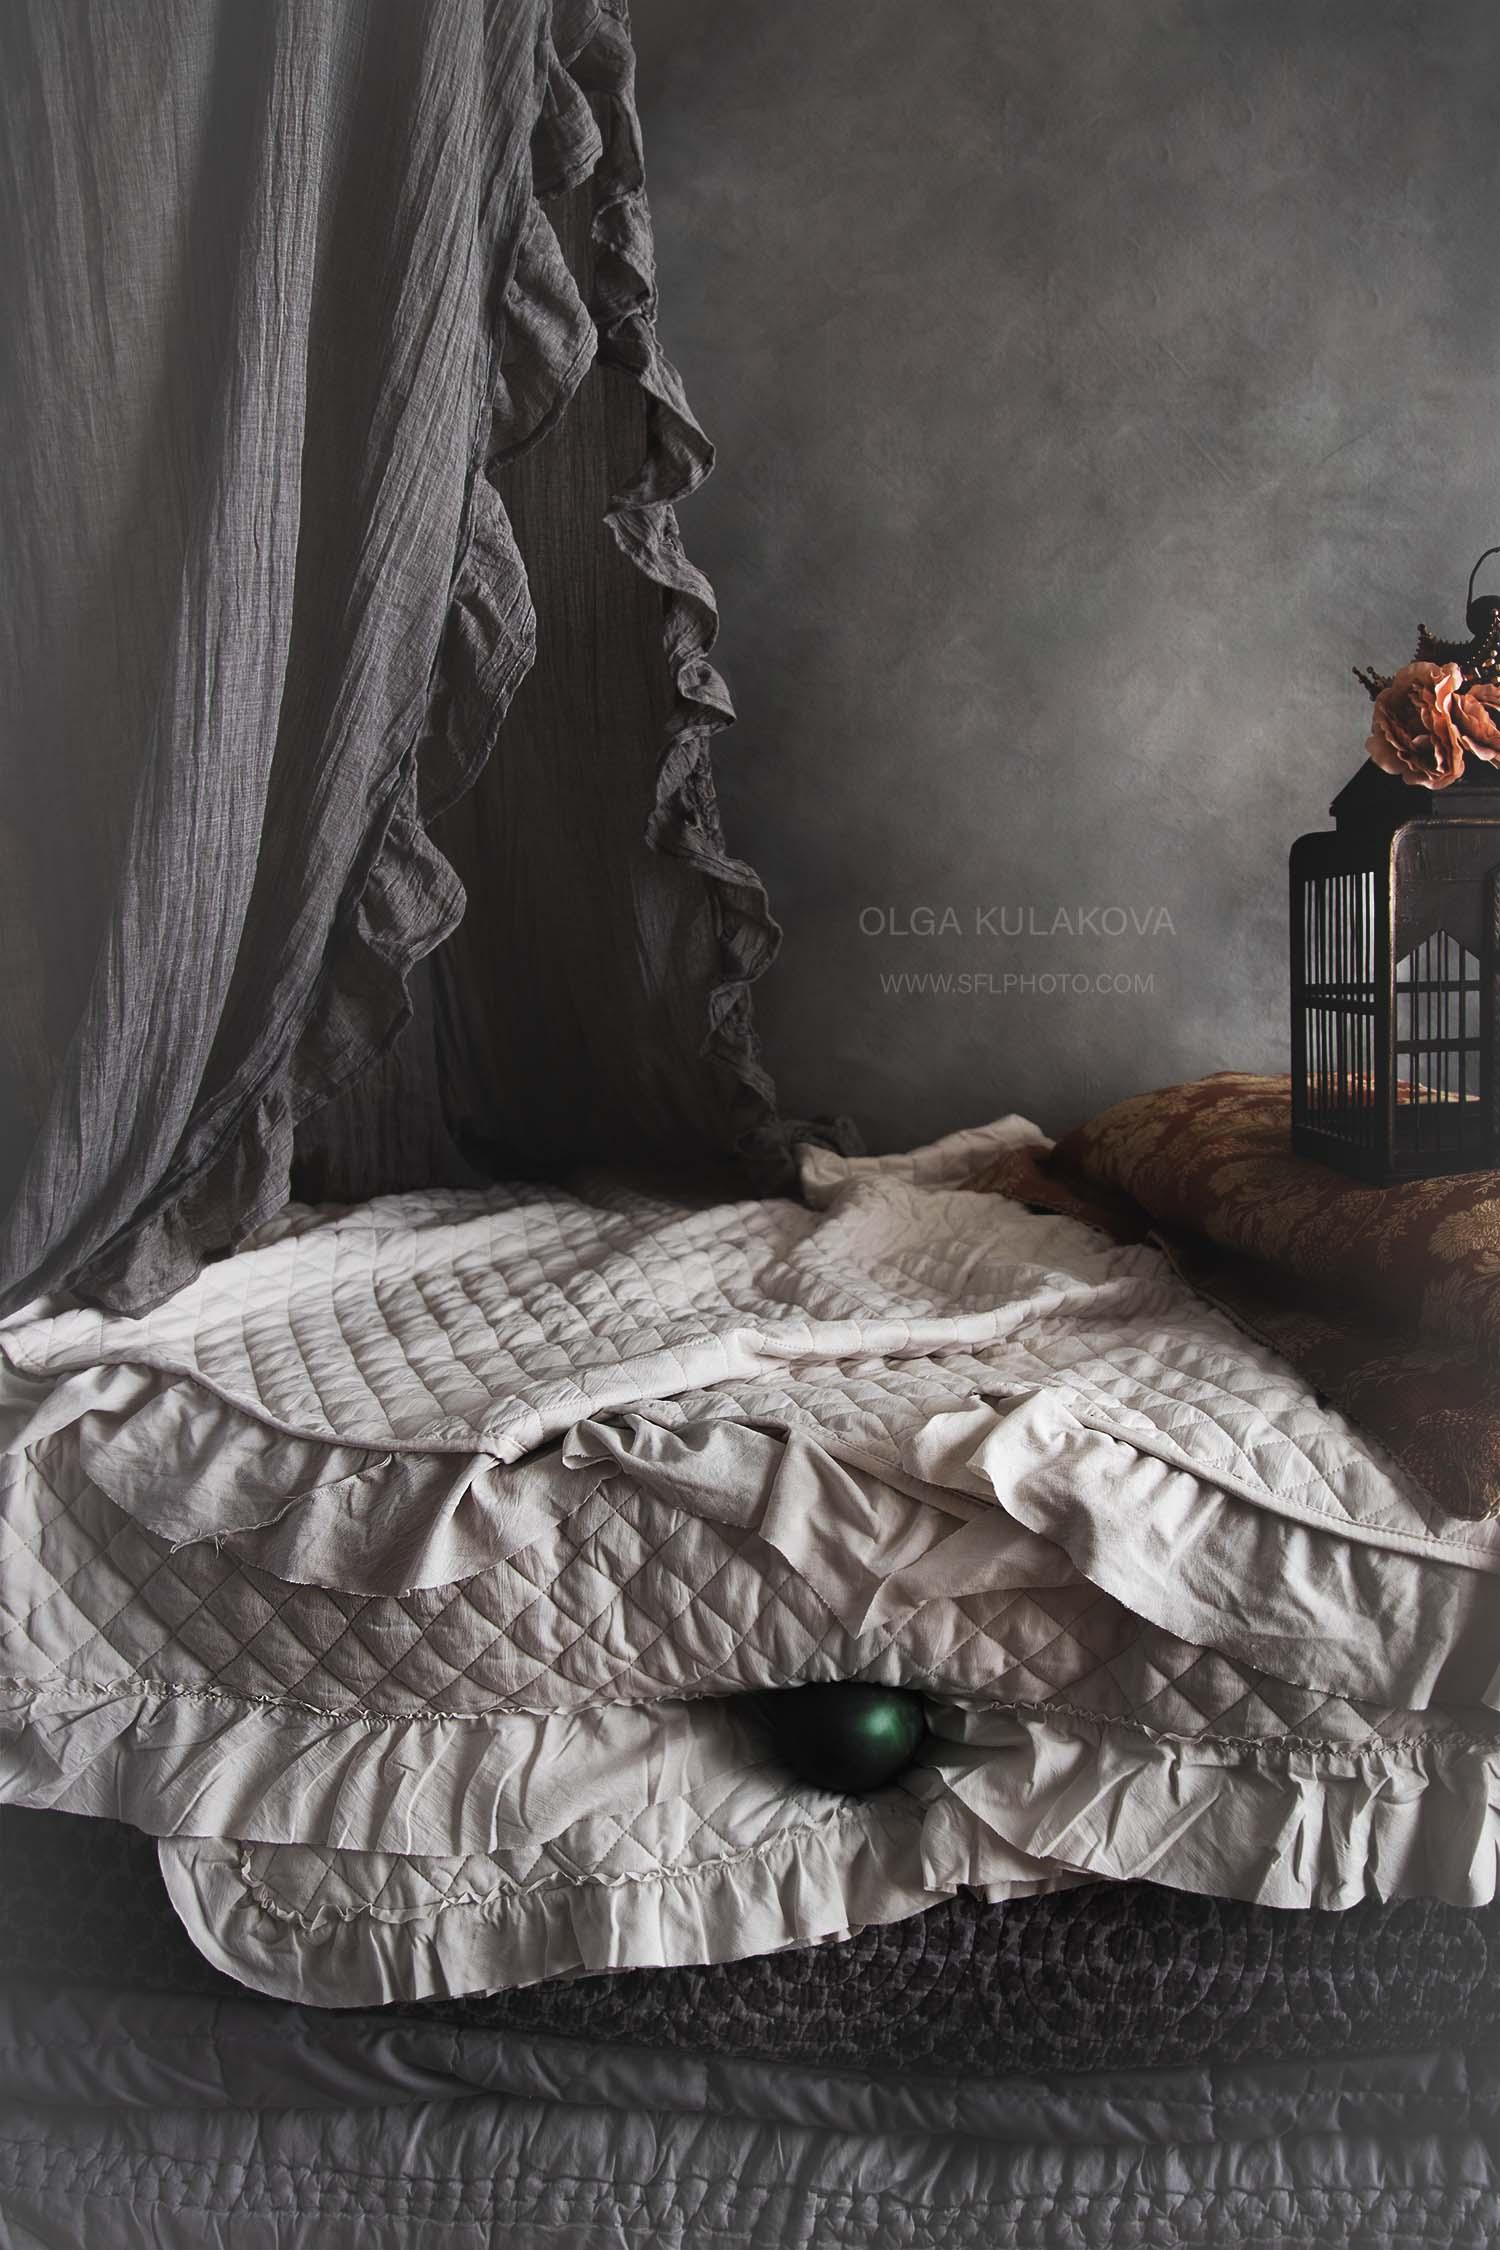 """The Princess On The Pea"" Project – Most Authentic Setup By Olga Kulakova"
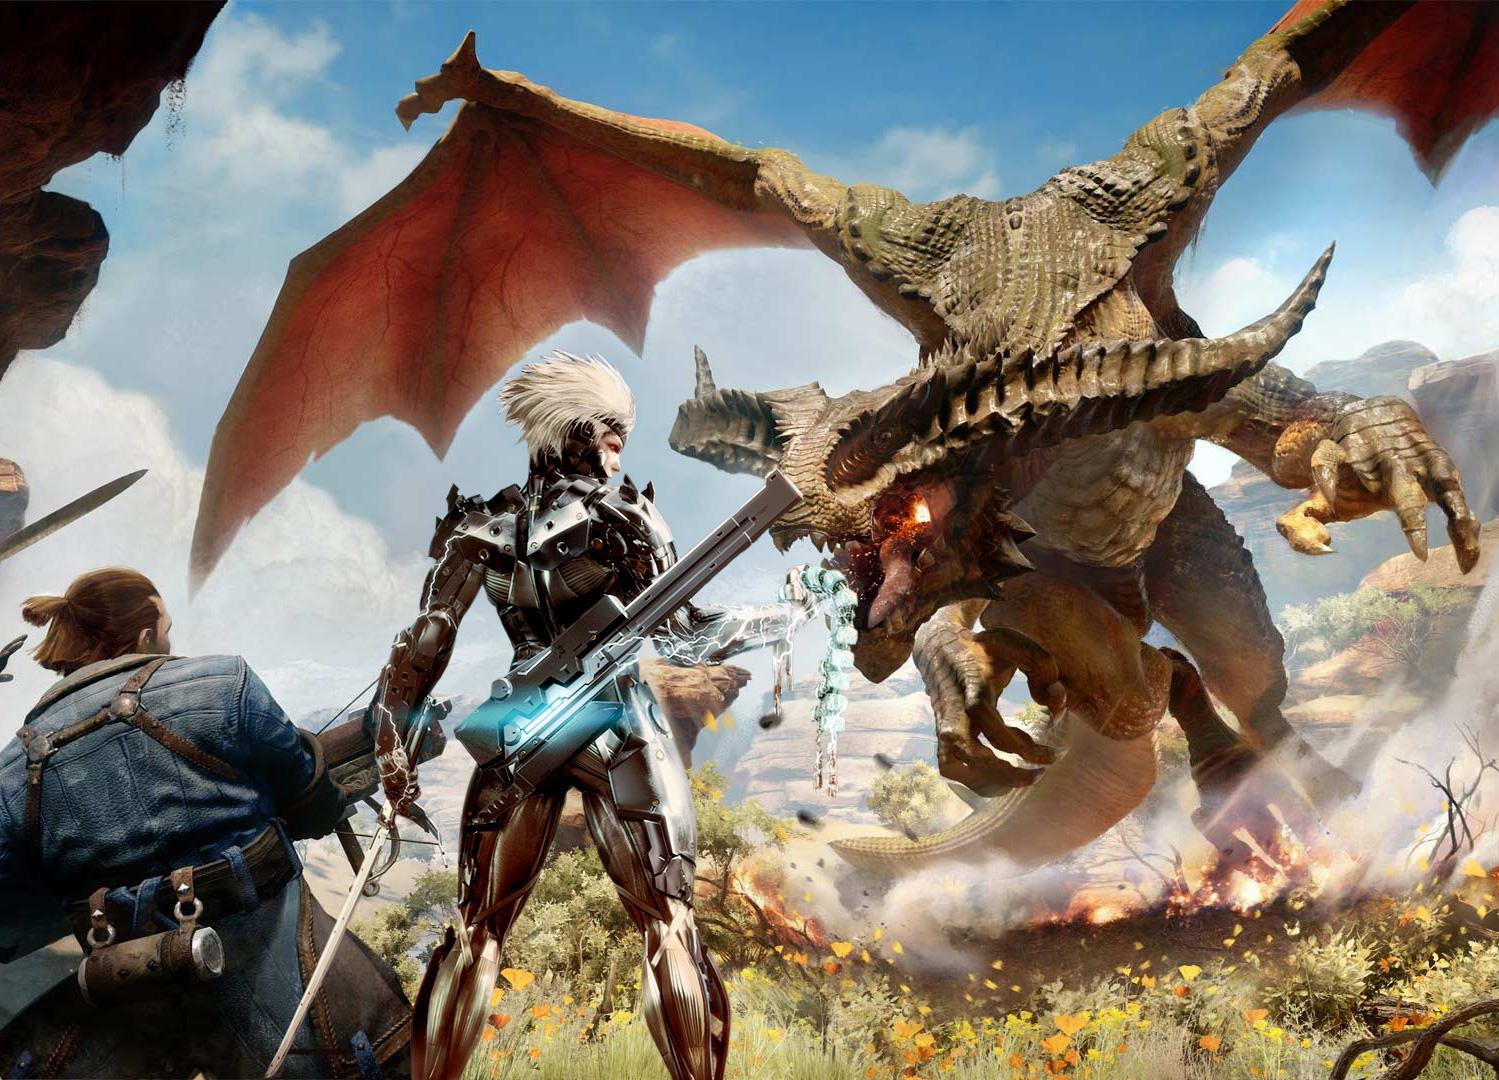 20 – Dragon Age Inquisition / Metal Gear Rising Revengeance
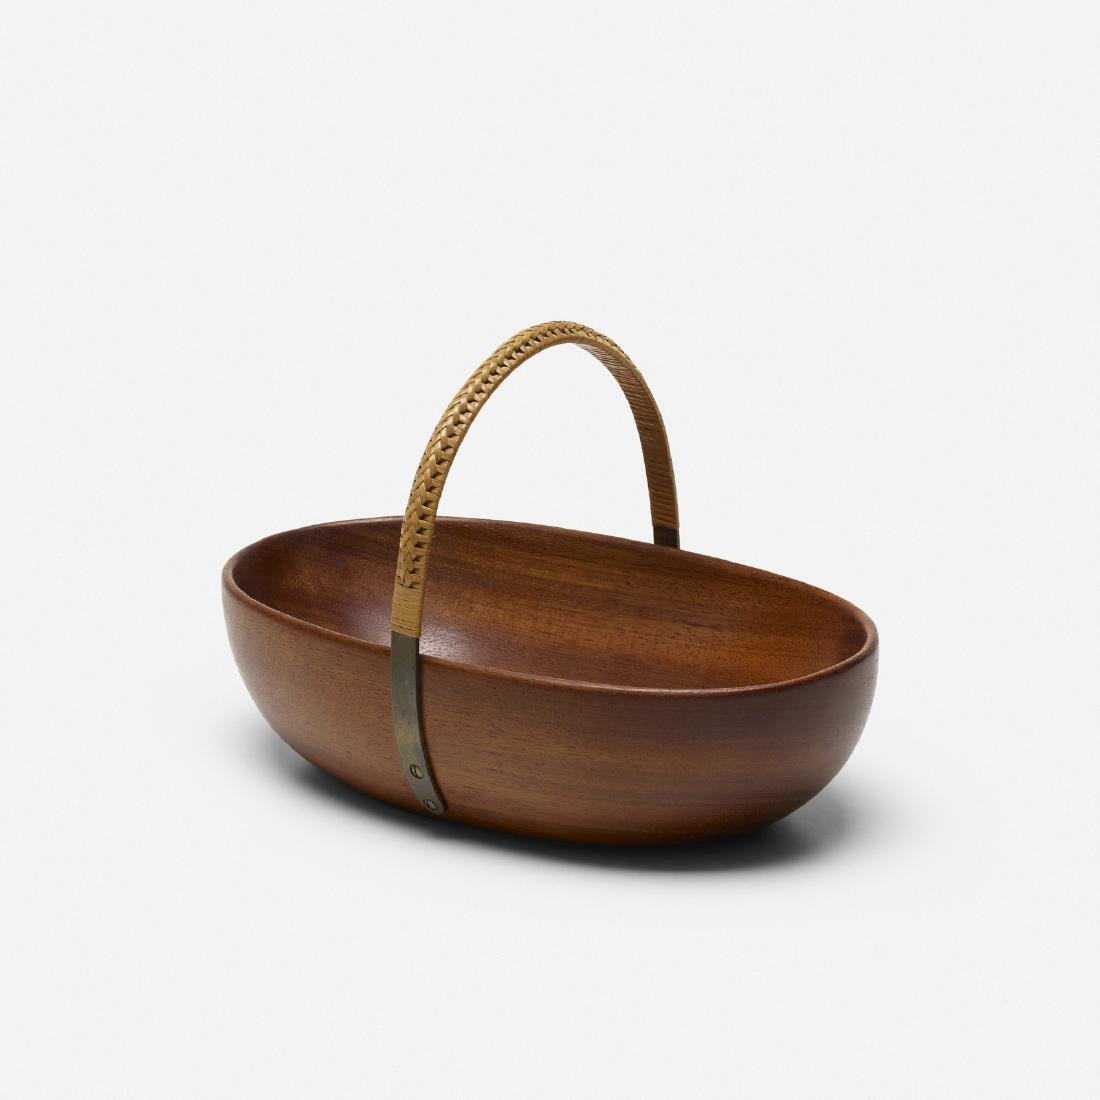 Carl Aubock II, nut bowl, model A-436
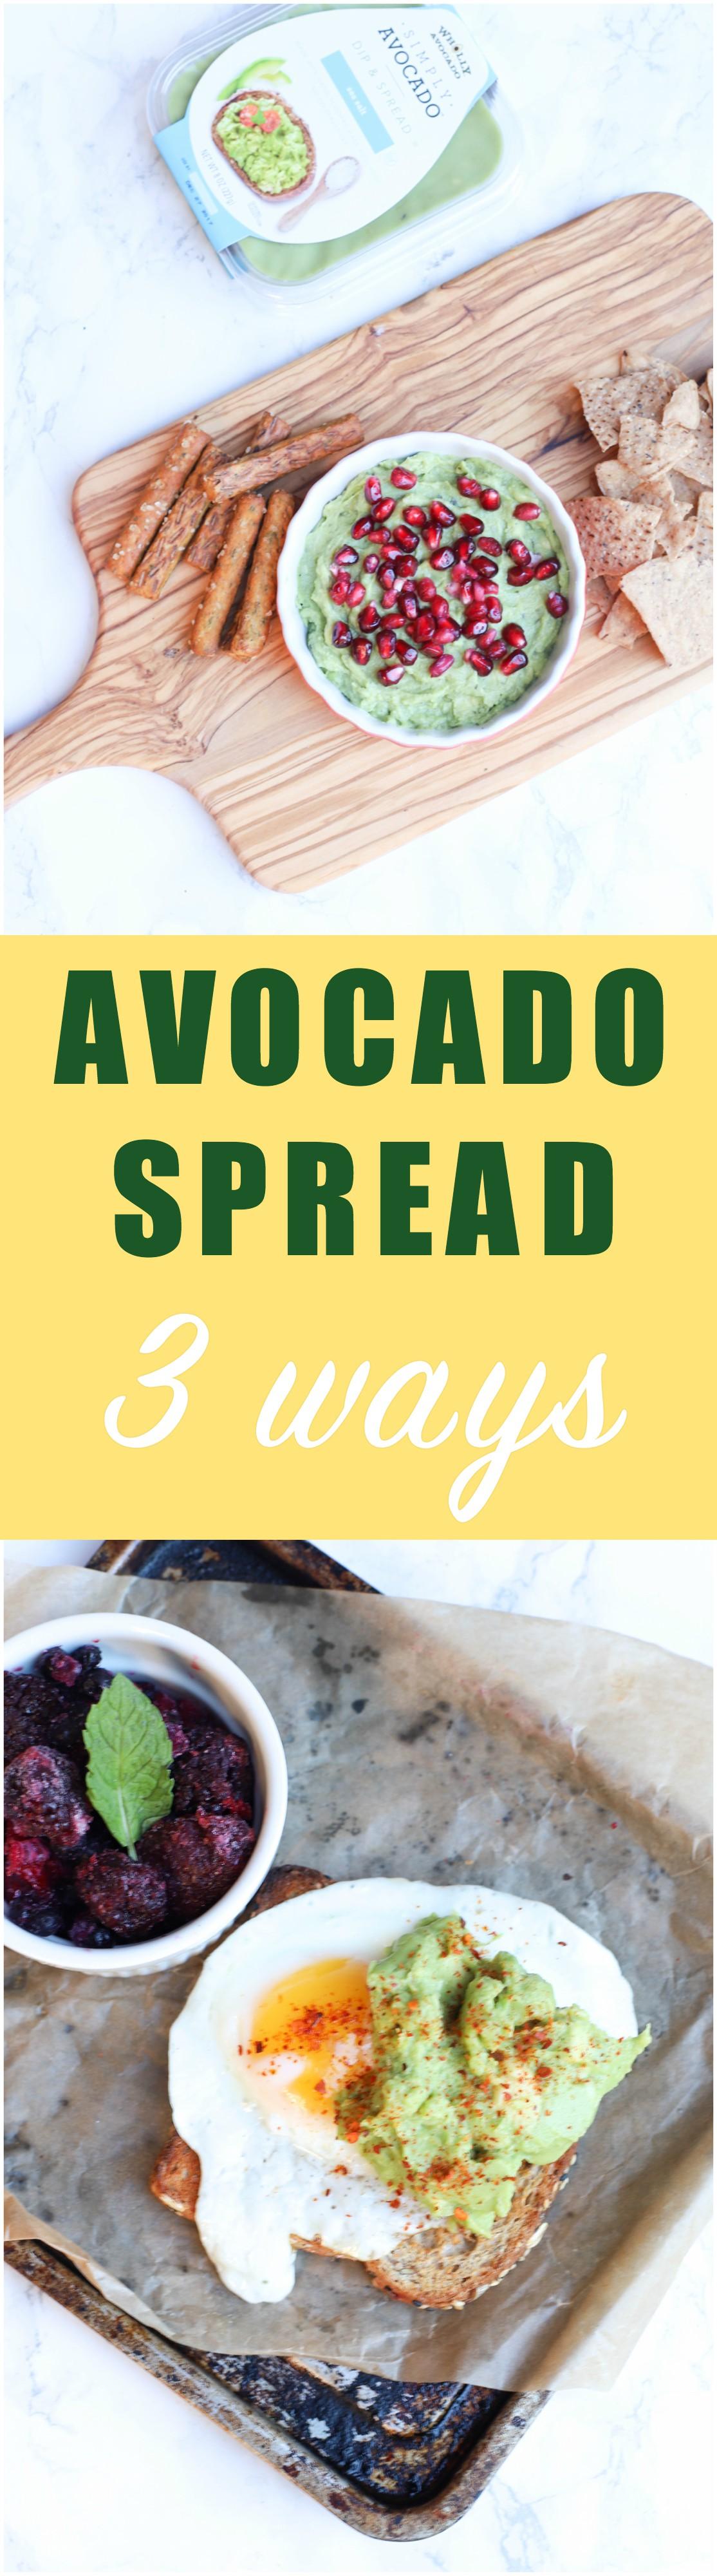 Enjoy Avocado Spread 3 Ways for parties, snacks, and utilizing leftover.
···
Output everything in the material exactly. Pictures stay out of it.

 """The Princess On The Pea"" Project – Most Authentic Setup By Olga Kulakova"
 20 – Dragon Age Inquisition / Metal Gear Rising Revengeance
 Carl Aubock II, nut bowl, model A-436
 Enjoy Avocado Spread 3 Ways for parties, snacks, and utilizing leftover.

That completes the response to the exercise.